### [Activity]
Output must consist only of the lines of the material below from the one with "Junior 6 Premium" through the one with "极速传说 马荣成 全一册 漫画全集下载 百度网盘,0005.jpg", each reproduced exactly; no pictures belong in it.

### [Data to process]
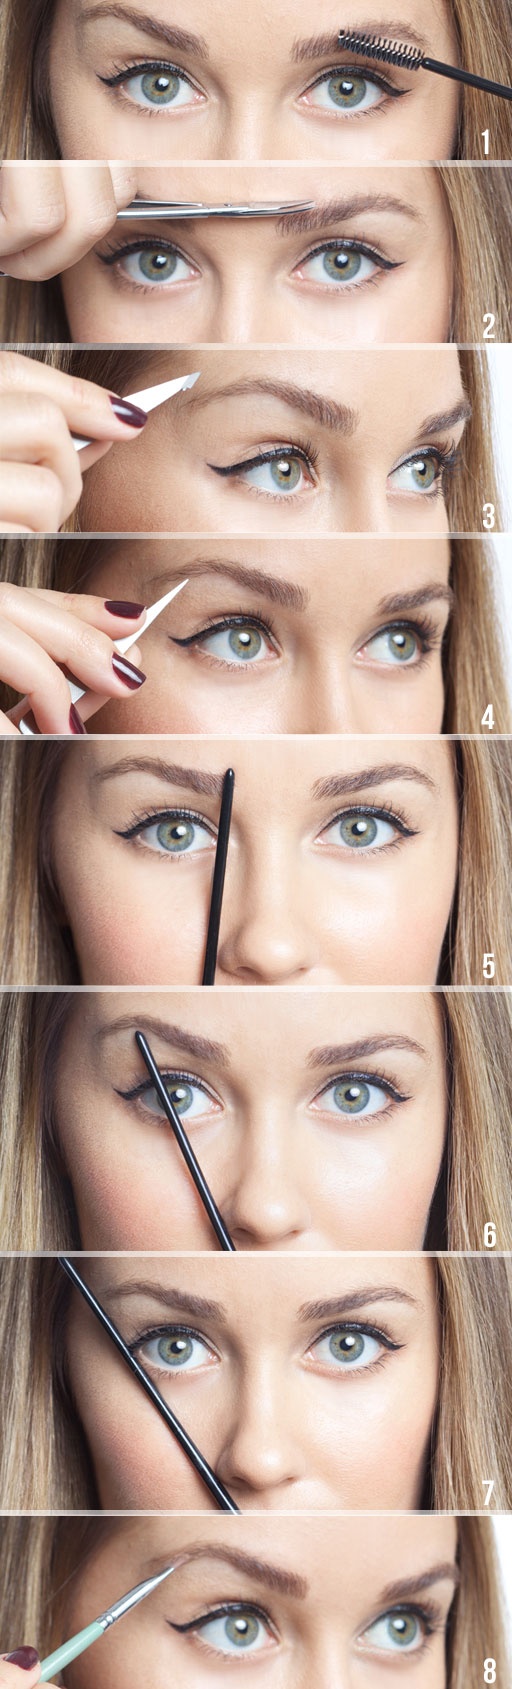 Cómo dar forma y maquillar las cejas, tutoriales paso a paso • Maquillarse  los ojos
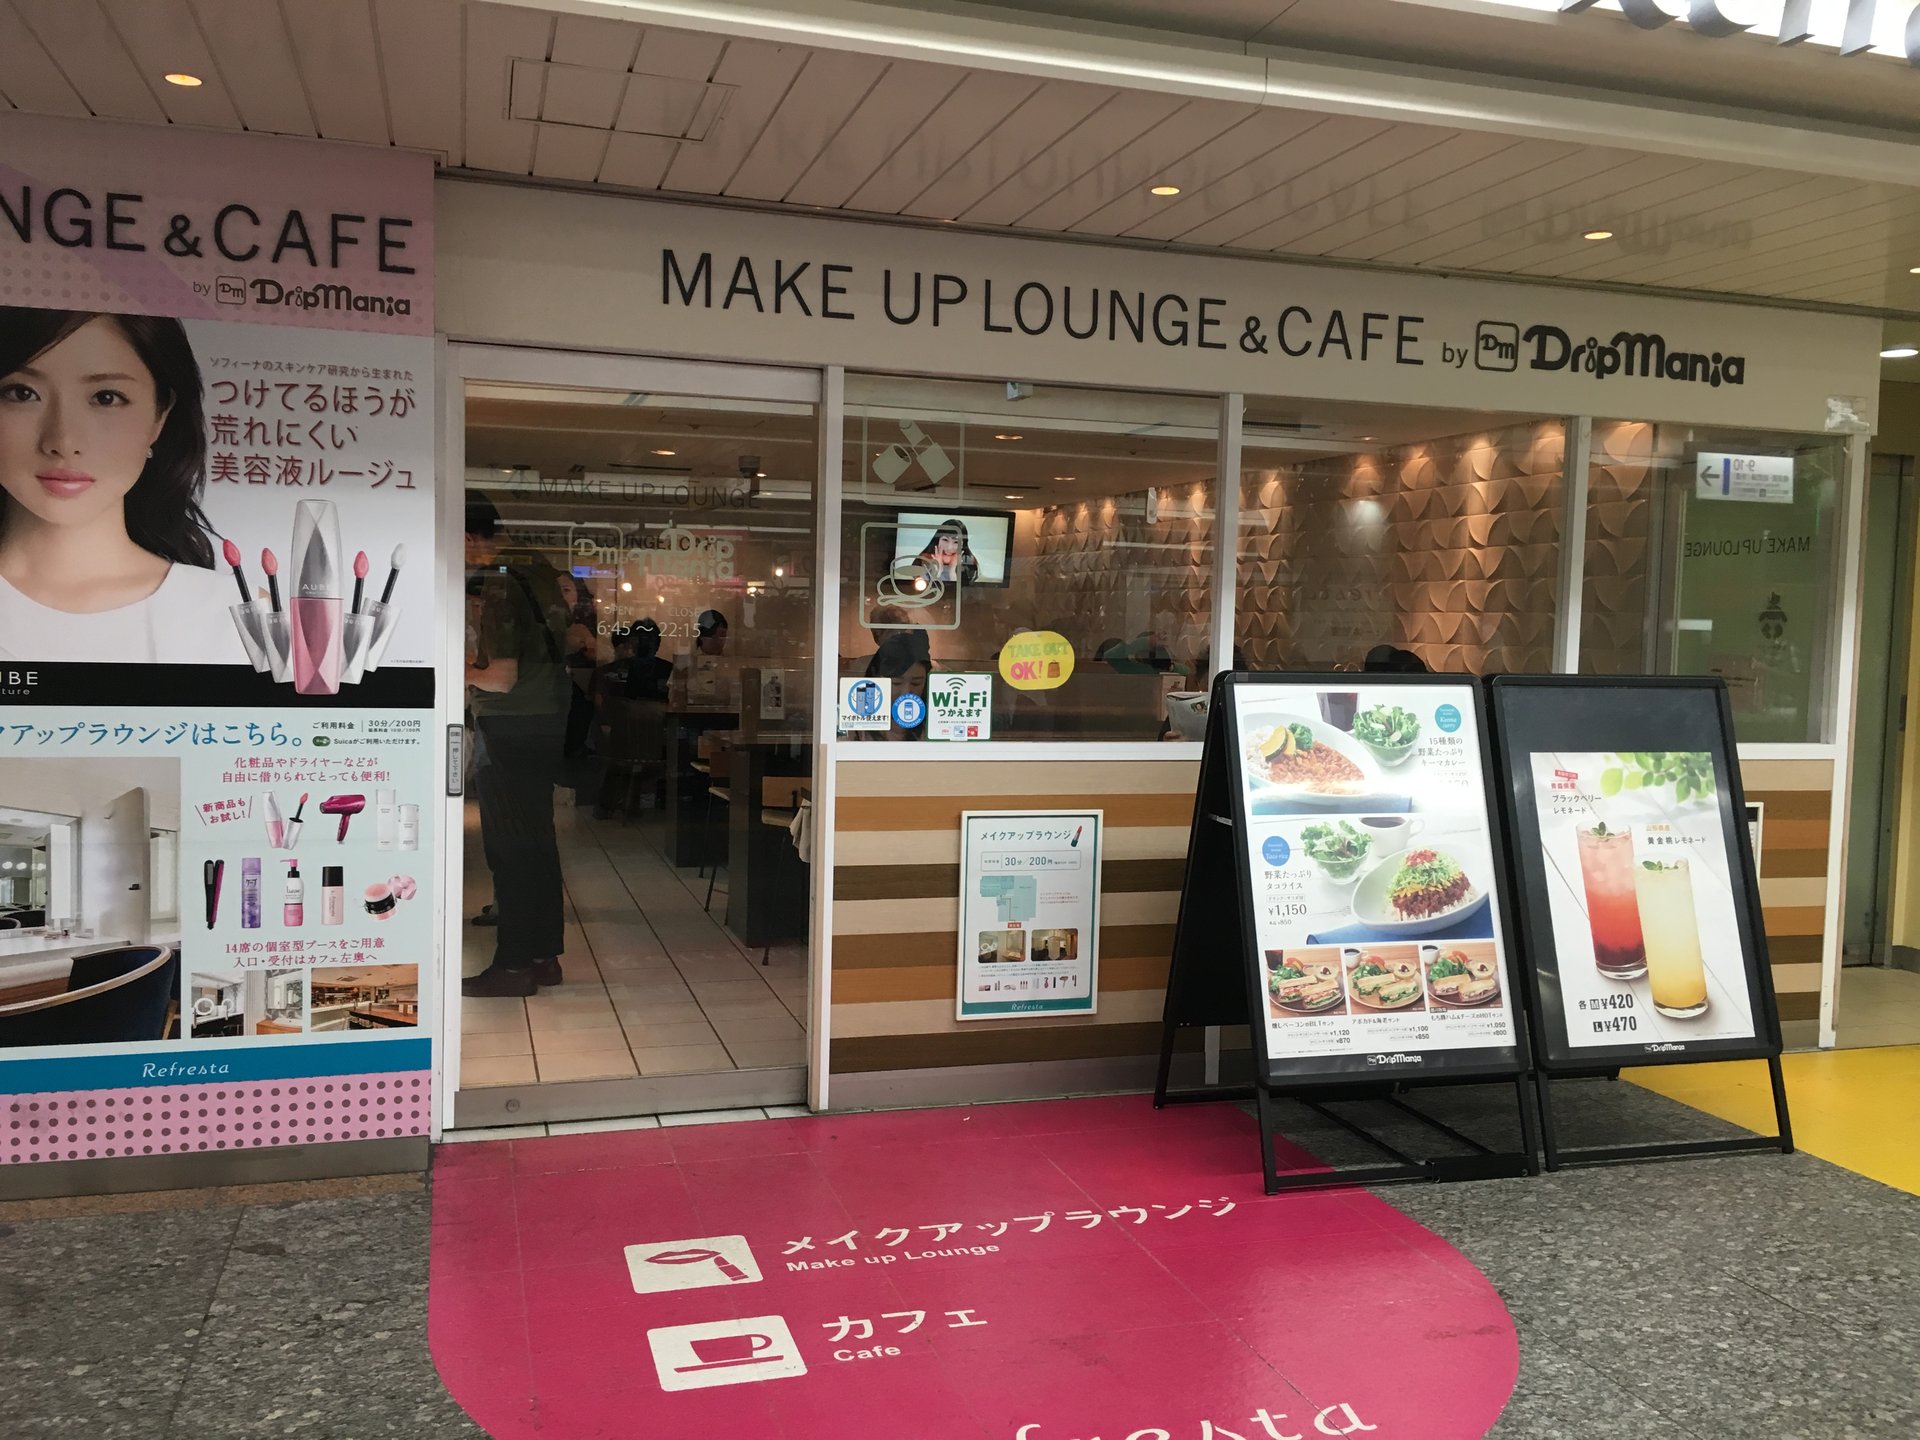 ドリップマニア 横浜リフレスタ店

---

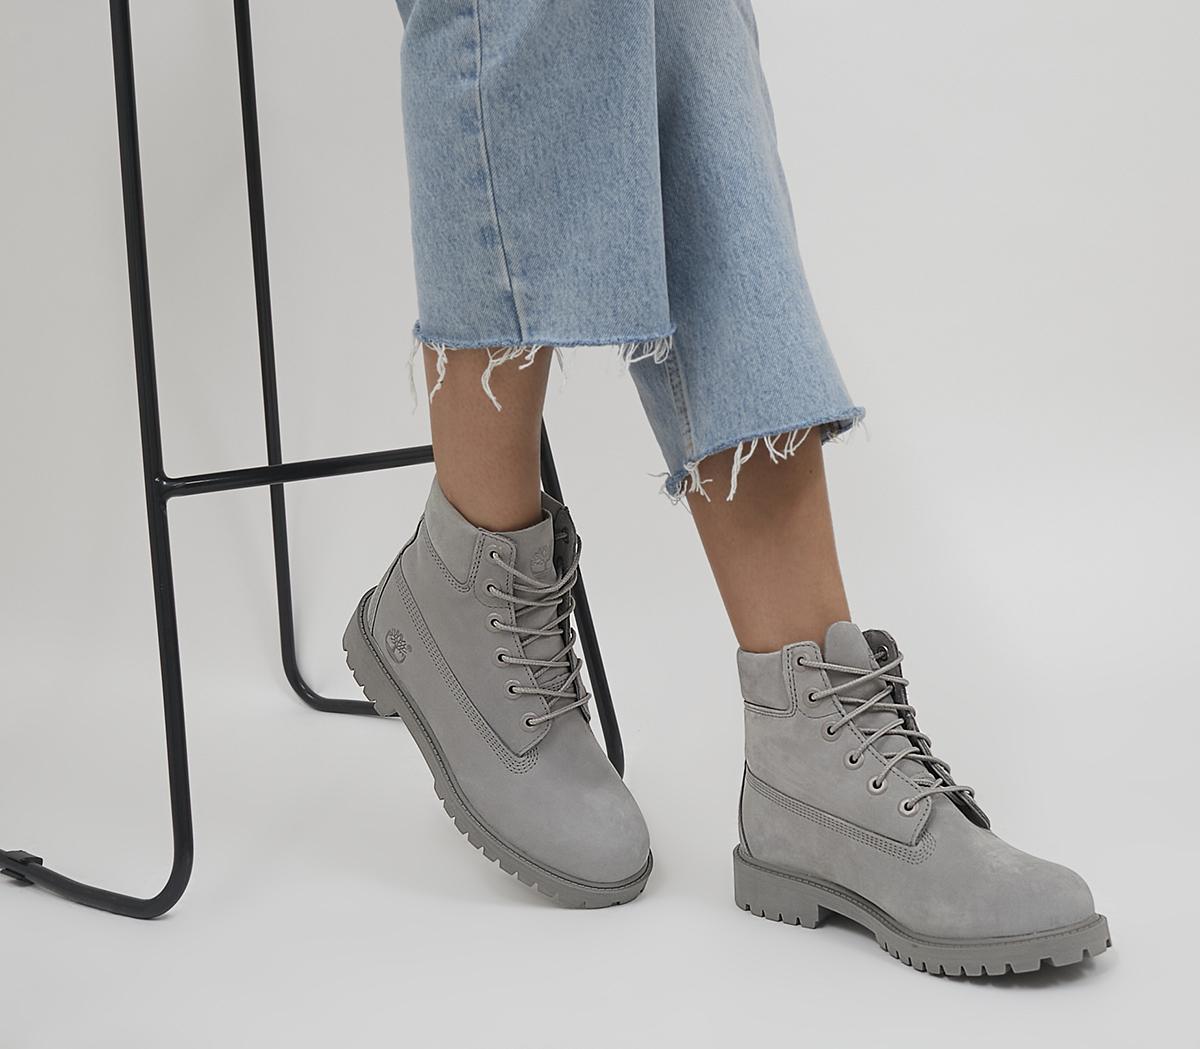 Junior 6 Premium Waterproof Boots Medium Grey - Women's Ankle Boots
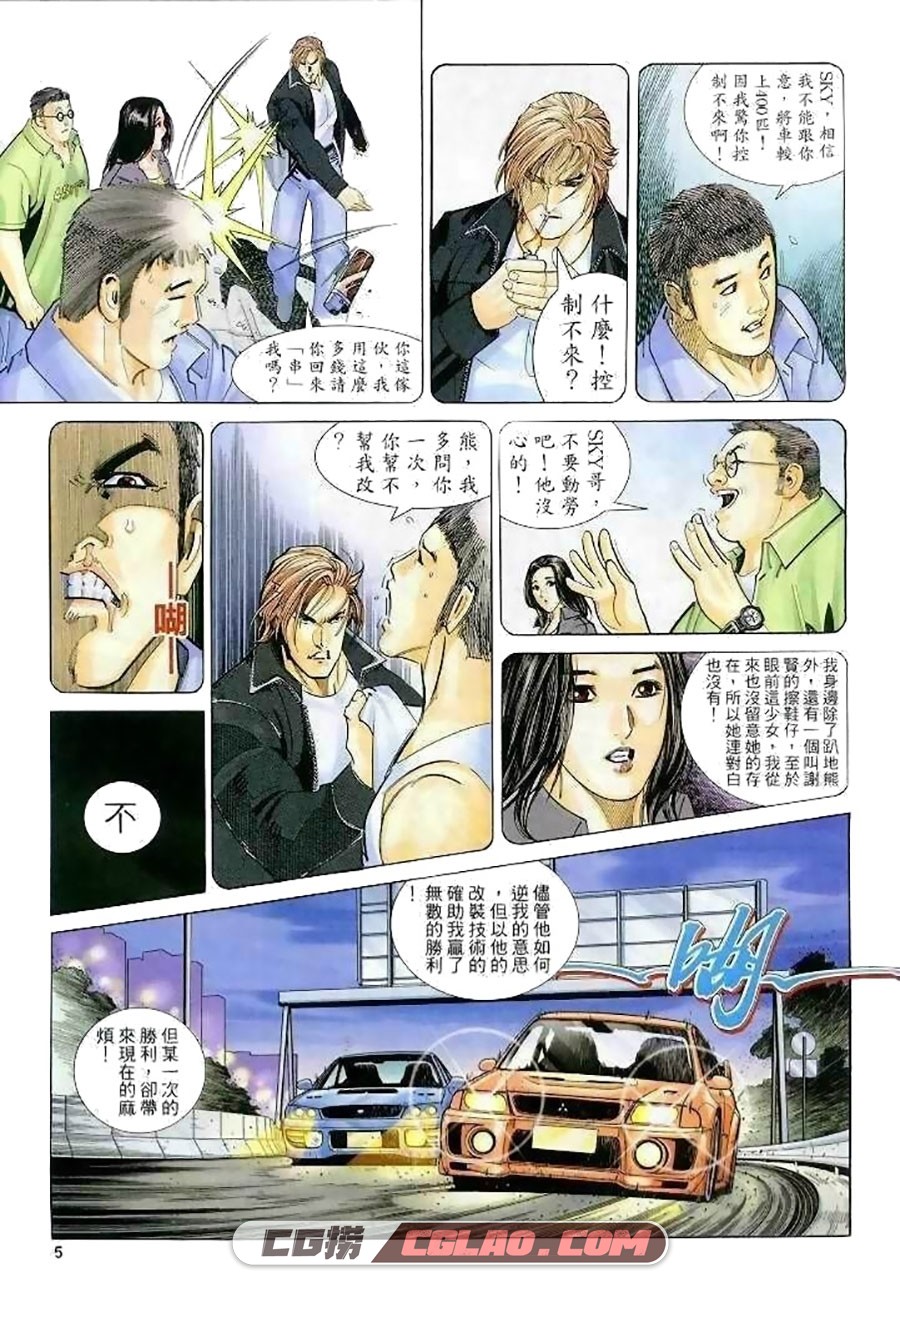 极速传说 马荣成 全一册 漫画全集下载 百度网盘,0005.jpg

### [Answer box]
 Junior 6 Premium Waterproof Boots Medium Grey - Women's Ankle Boots
 极速传说 马荣成 全一册 漫画全集下载 百度网盘,0005.jpg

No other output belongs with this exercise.